Our children are being taught the history of the Austrian resistance to Hitler: after all, by the time Hitler’s supporters greeted him at Vienna’s Heldenplatz, 70,000 Austrians had already been jailed or put into concentration camps. Yes, there was a genuine resistance against Nazism and its abhorrent ideology: between 1938 and 1945, about 100,000 Austrians were involved in Resistance activities. There were 35,300 who sacrificed their lives in the fight against the Nazis; 9,687 were murdered by the Gestapo, and 6,420 died in prison; 2,700 Austrian Resistance fighters were executed, and 16,493 perished in concentration camps.

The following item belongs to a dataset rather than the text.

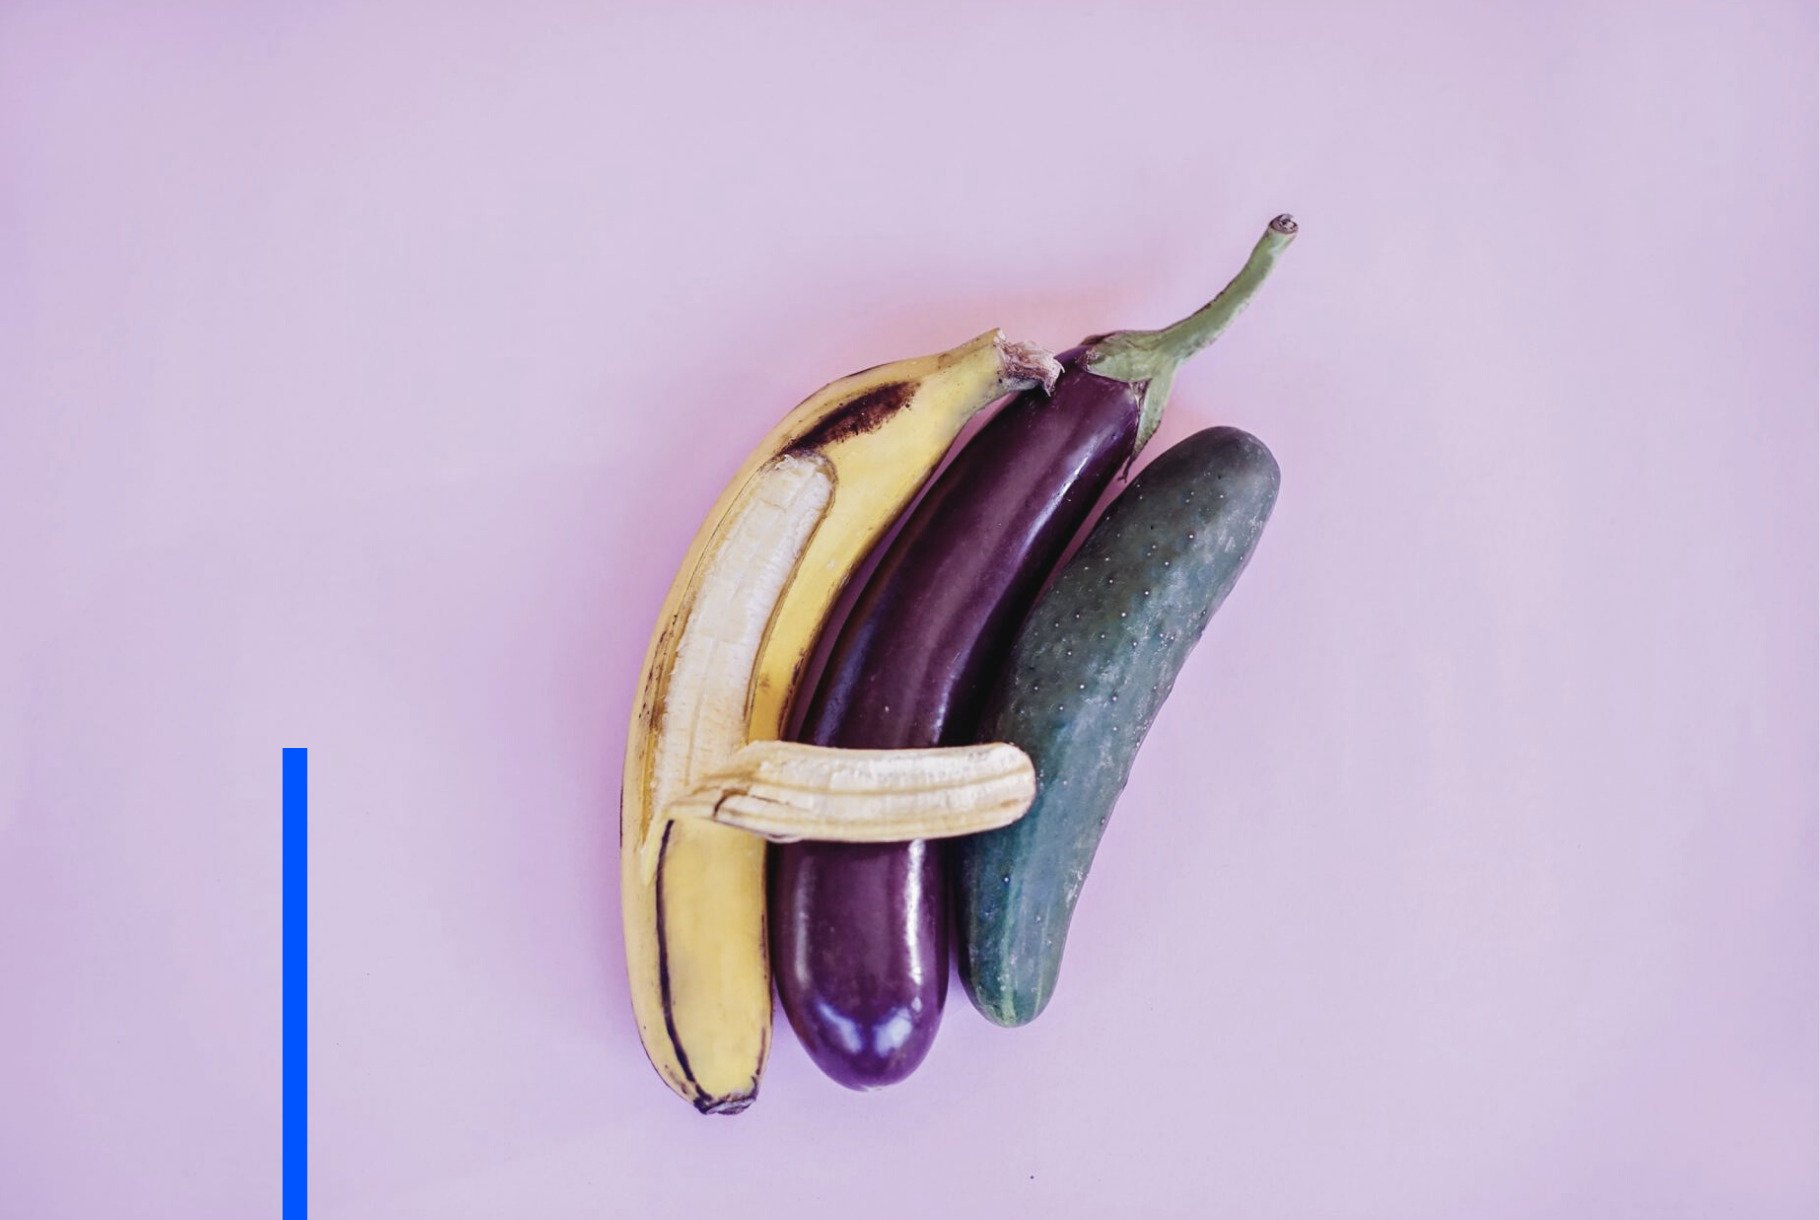 erekcijos ilgis

Austrians have not forgotten the past; they also suffered tremendously from their involvement in the Third Reich. At the end of the war, 247,000 Austrians drafted into the German Wehrmacht had been killed or were missing in action; 24,300 Austrian civilians had lost their lives in air attacks and other acts of war. Altogether almost 400,000 Austrians, or 6% of the population, including more than 65,000 Austrian Jews, had perished during the Nazi period. People do not forget such things.

Austria’s human rights record compares well with that of any democratic country. Nazi activities are prohibited by law, and offenses are criminally prosecuted. So are racial, religious or other forms of discrimination.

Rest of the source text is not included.